The view within the party is that its promise of action against Bajrang Dal, the youth wing of RSS-affiliated Vishwa Hindu Parishad, will help it win over those sections of Muslims who are favourably inclined to Janata Dal (Secular), which has maintained a robust presence in Old Mysuru region under the stewardship of former prime minister H D Deve Gowda.
The JD(S)'s strong presence in the region has been a key reason behind the state polls often throwing up a hung verdict.
Experts believe that the Congress' performance will have a big bearing on its heft in any likely opposition alliance as some regional satraps like West Bengal Chief Minister Mamata Banerjee and her Delhi counterpart Arvind Kejriwal have often aired their doubts about its strength in countering the BJP as the party lost one state after another to the saffron party.
The party also went all guns blazing in the poll campaign, unlike in many other state elections in the last several years, with Rahul Gandhi and Priyanka Gandhi Vadra canvassing extensively for weeks in Karnataka and Sonia Gandhi too joining in by addressing a rare public meeting.
Its octogenarian party president Mallikarjun Kharge along with his two senior Karnataka colleagues, former chief minister Siddaramaiah and state chief DK Shivakumar, made other key components of aggressive electioneering.

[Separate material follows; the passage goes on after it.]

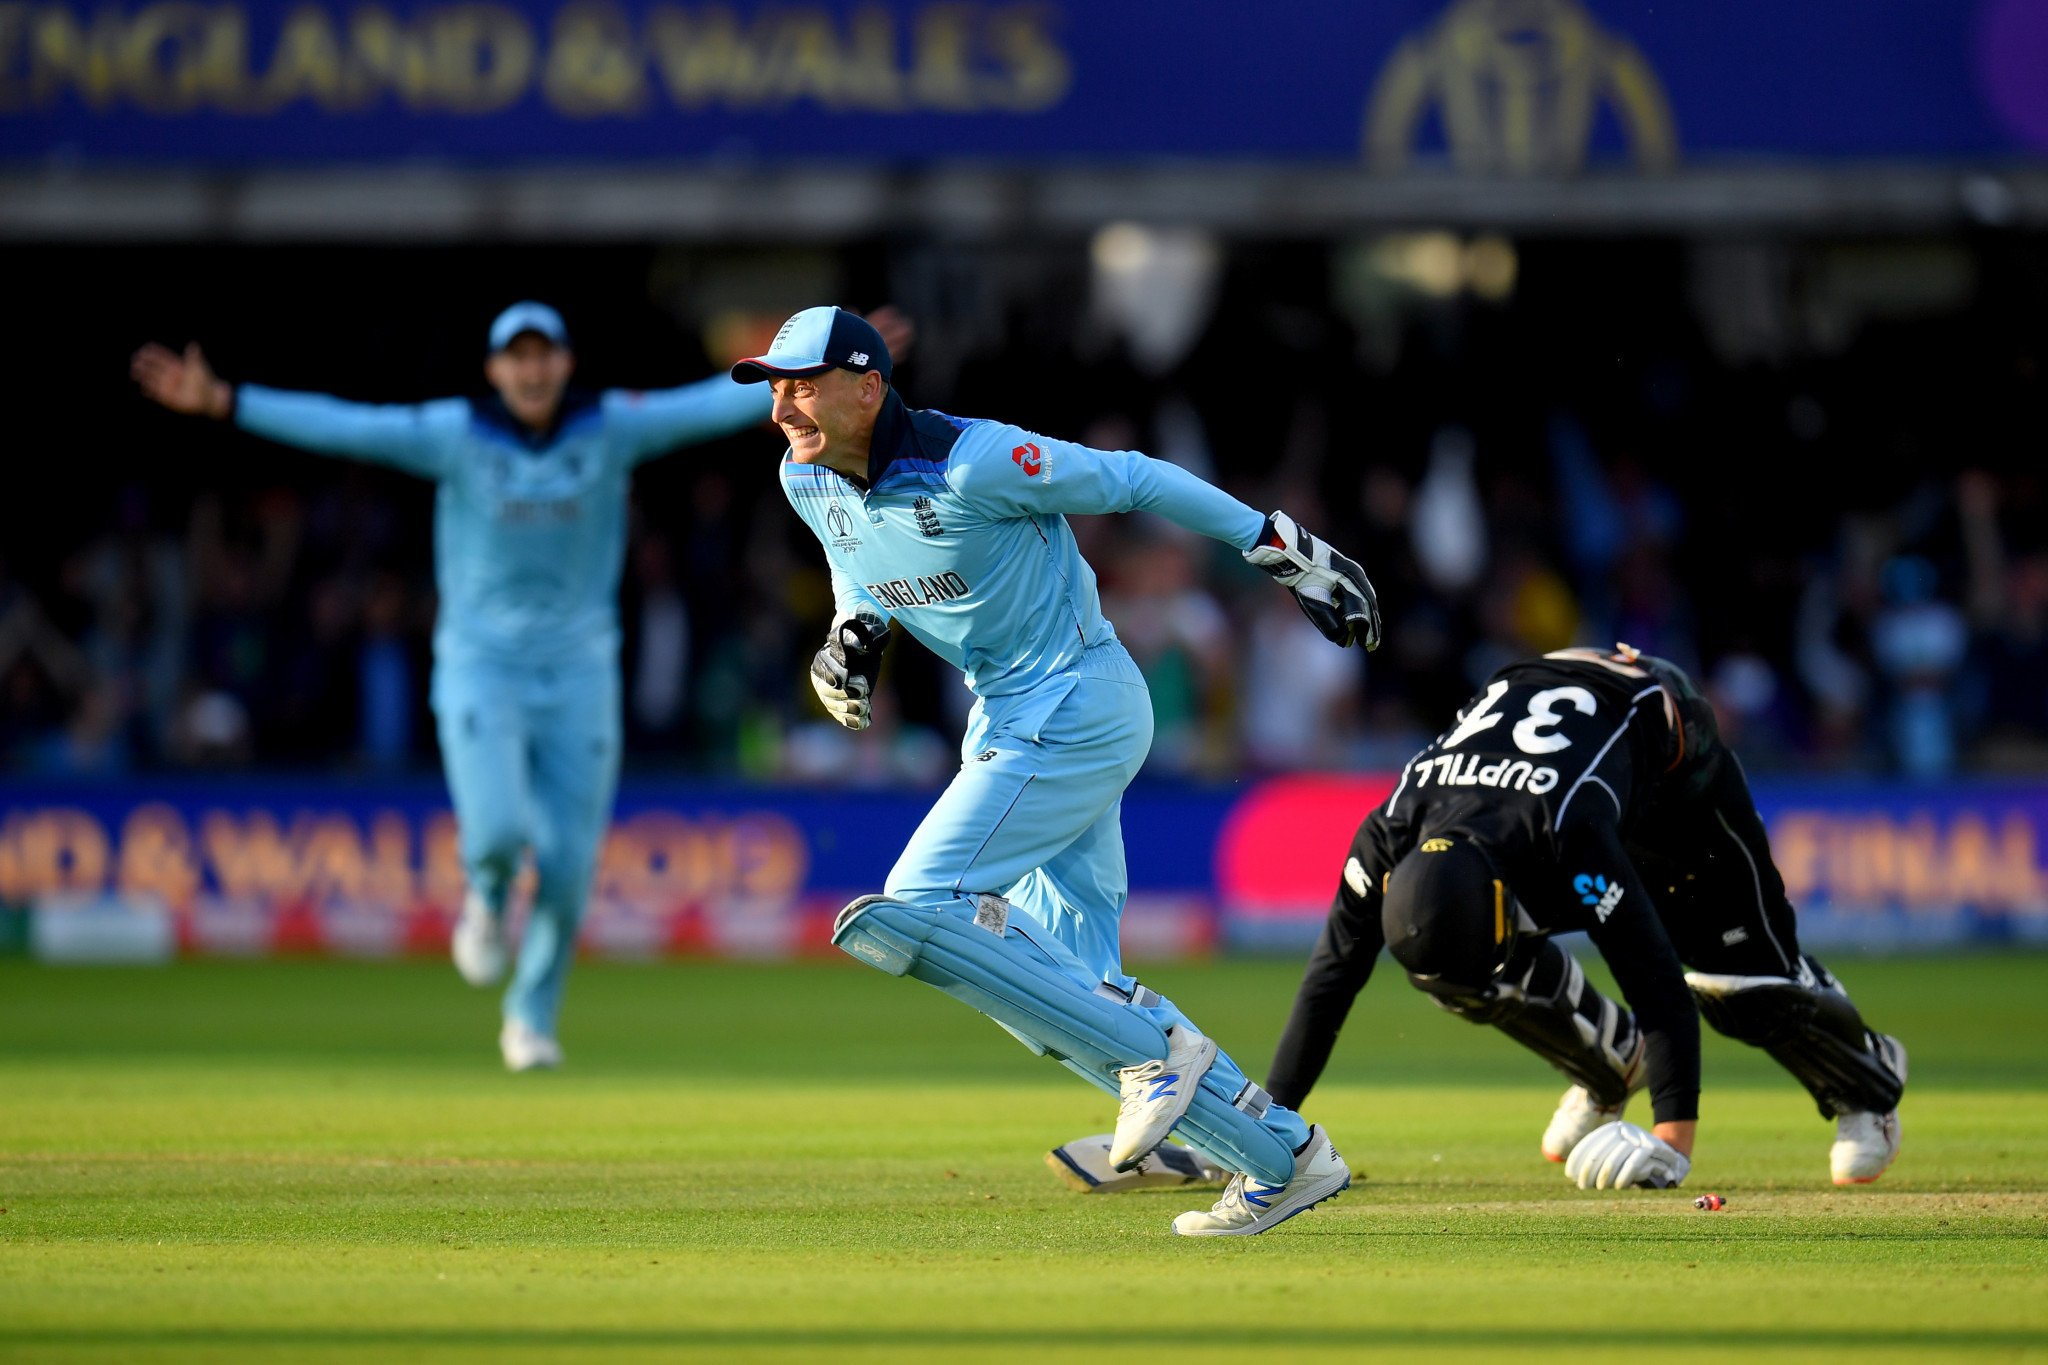 England wicket-keeper Jos Buttler runs out New Zealand's Martin Guptil on the final ball of a dramatic super over to give his side victory in the World Cup final at Lord's ©Getty Images

A Congress win will be seen by the party as an endorsement of its turn to quota politics after its repeated failure to corner the BJP, boost its national leadership, especially Rahul Gandhi whose Bharat Jodo Yatra is on an electoral test, and bring it in charge of a resourceful big state like Karnataka.
For the BJP, experts believe, a win will add to the aura of invincibility around the party and especially Modi, who has been the front and centre of its campaign, as retaining Karnataka is seen as a challenging ask. The state has never voted the incumbent party to power since 1985.
The party has also taken the gambit of overlooking several senior leaders in its efforts to usher in a younger and more "disciplined" leadership and ease out entrenched veterans, with some like former chief minister Jagadish Shettar rebelling.
Voters' choice will decide if the gamble has worked or failed for the party.
A loss in the southern state may be a setback to the BJP which goes to every election with high stakes but it may be noted that the BJP had failed to get a majority in the 2018 polls and the Congress and the JD(S) joined hands to form the government.
It had also lost assembly polls in Madhya Pradesh, Rajasthan and Chhattisgarh in that year before sweeping all these states, including Karnataka, in the 2019 Lok Sabha polls.
Defections of opposition MLAs, mostly in the Congress, brought it to power later in Karnataka and Madhya Pradesh.